A New York Socialite Vanished Without A Trace In December 1910
Dorothy Harriet Camille Arnold was the heir to a perfume fortune when she vanished without a trace on Dec. 12, 1910. Her case is the oldest missing person file listed with The Charley Project, a public database of more than 15,000 missing people.
The Charley Project
The last time anybody saw Dorothy Arnold, she was outside of a bookstore at 5th Avenue and 27th Street in Manhattan. It was midday on December 12, 1910. She was browsing in a bookstore when she ran into a friend. She told the friend she planned to take a walk in Central Park and meet her mother for lunch at the Waldorf-Astoria hotel. At the time, the Waldorf-Astoria was on the current site of the Empire State Building, so it was just a few blocks north of the bookstore.

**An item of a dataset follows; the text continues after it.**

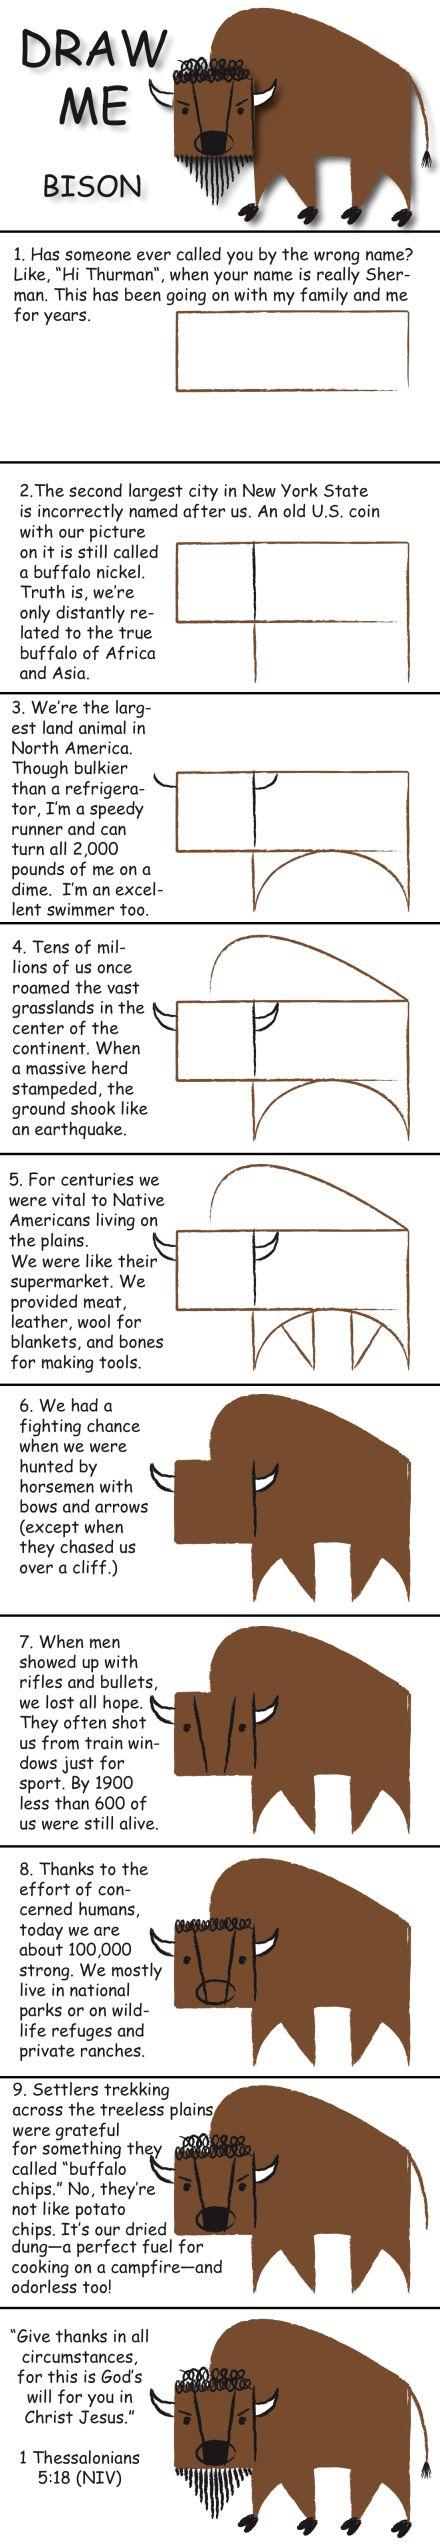 / bison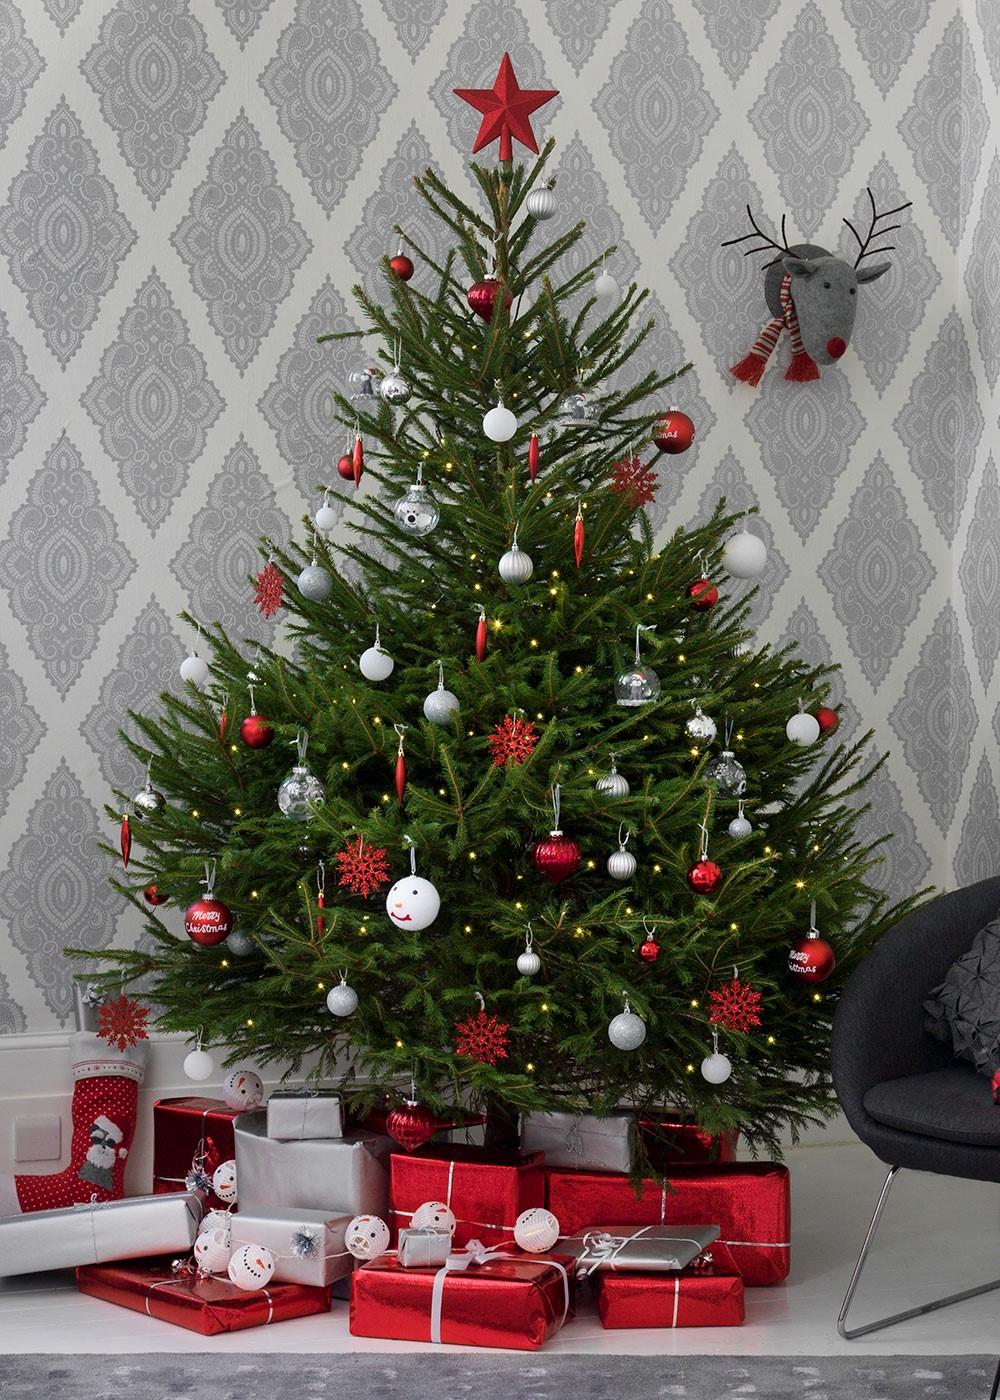 Echte kerstbomen: welke past het best bij mij?

According to the Charley Project, Dorothy was carrying approximately $30 when she left her home on the Upper East Side — that would be worth about $940 today. She was well dressed and planning to shop for a dress for an upcoming party. Her mother had offered to accompany her that day, but Dorothy declined, instead telling her mother she would meet her at the Waldorf.
Dorothy never made it to lunch with her mother.
When the 25-year-old didn’t return to the family’s home on the Upper East Side that night, her parents assumed she had stayed the night with a friend. Another day passed before they grew worried, but they did not contact the police. Instead, they called a private investigator in an attempt to avoid the publicity that could negatively impact the family’s social standing in New York City’s upper crust.
The Only Clues
The private investigator learned that Dorothy had a secret post office box that she’d opened months before her disappearance. In addition to her life as a socialist, Dorothy was an aspiring writer who was using the box to hide rejected manuscripts from her reportedly critical family members.
The investigator also learned Dorothy was dating a much older man, George C. Griscom Jr., an engineer in Philadelphia, some 100 miles away from New York. While Dorothy had been to see him earlier in 1910 while telling her family she was spending the week with a girlfriend, Griscom was not believed to be a suspect in the disappearance. He was in Italy when Dorothy went missing.
There were a handful of theories about her case. Some believed she’d been murdered and thrown into one of the lakes in Central Park. Others speculated that she’d died of a botched abortion or even planned her disappearance, but there was never any evidence to substantiate any of those claims.
The unsolved case was eventually closed, and all of Dorothy’s loved ones went to their graves without knowing what happened to her. Her case was written about often through the 20th century, and continues to be the subject of podcasts, articles, and speculation in online forums.